If you haven't done this before or not sure about using a caulking gun, you can buy some really cheap caulk and practise running a bead in a cardboard box. This was a suggestion from another forum, and is a good one.
If you proceed, come back with any questions. It is important to get off all the old silicone. When you are sure you got it all, get a new blade and go over it all again. Blades can be purchased at HD or CTC, and get a bunch, as they dull quickly. Extras are handy for all sorts of tasks around the house and bulk packs make them cheap.


----------



## pyrrolin (Jan 11, 2012)

I have totally rebuilt a couple tanks, all glass separated and I have simply just resealed tanks also.

As stated above, use a razor blade and remove every single little bit of old silicone that is visible. You will use a few blades, when you think it is all done, put on a final brand new blade and go over it again.

I also like to use a no scratch scrubby over the cleaned area just to make sure.

You must remove all the old silicone, silicone does not stick to already cured silicone and any seam between new and old can leak.

I also use painters tape beside the edges that would be visible, I don't bother with the bottom pane of glass. Space it out from the corners a proper amount, on larger tanks, its about half a inch.
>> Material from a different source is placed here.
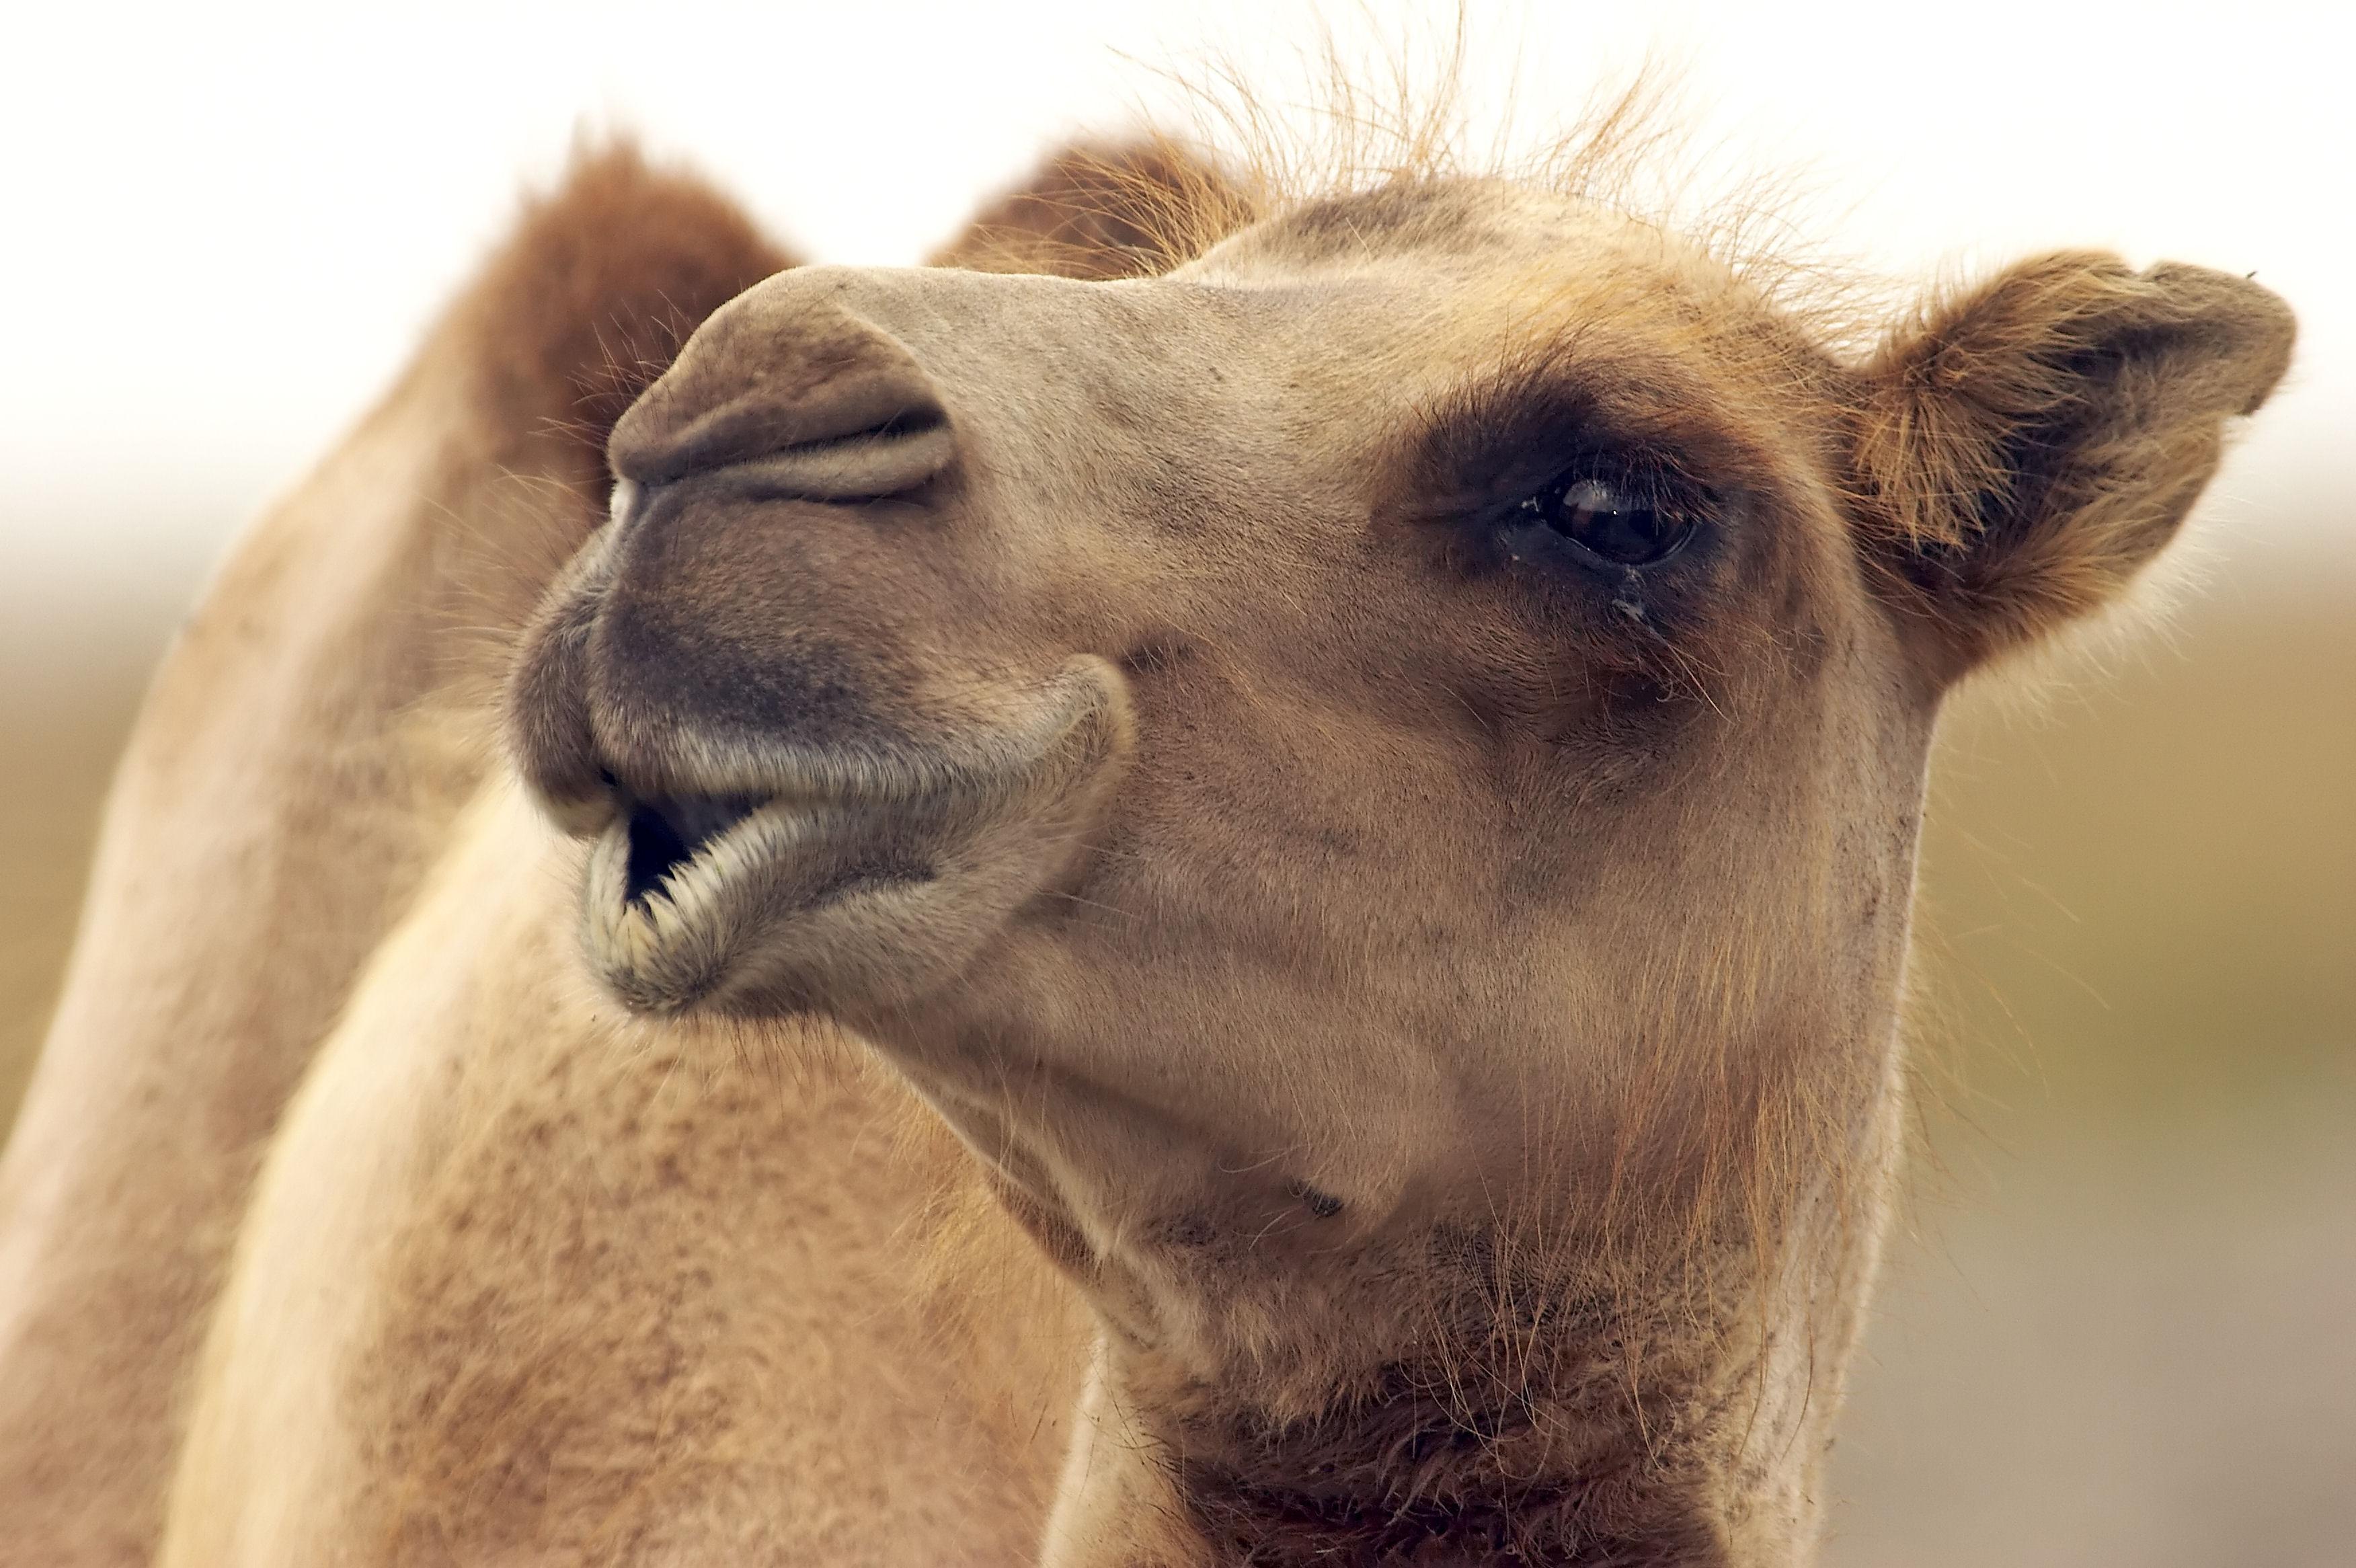 Camel in Kuwait

Get them all even so it looks good at the end. I also leave little tabs at the ends so I can remove the tape easily.

If you are doing a larger tank like 90 or above, I recommend GE SCS1200 silicone as a personal preference, but it can be hard to find.

Put the silicone on the corners with a caulking gun. Smooth it out with a finger to make it nice and neat, the tape helps keep the edges even. Make sure to have plenty of paper towel on hand to clean your fingers often. Also, dipping your finger in alcohol helps the silicone to not stick to your fingers as much. 

Remove the tape right after the silicone is smoothed out. It will take at least 24 hours for the silicone to cure, I recommend 36 to 48 hours. General rule is when you don't smell vinegar, the silicone is cured.

Be sure to water test the tank after cured or at least 24 hours, 2 or 3 days is better.

As a side note, it is probably best to remove trim from the top of the tank first so you can make sure you get to the very top of the corners. Then just run a bead of silicone around the top and replace the top trim, but replace the top trim right after you smooth out the silicone and remove the tape.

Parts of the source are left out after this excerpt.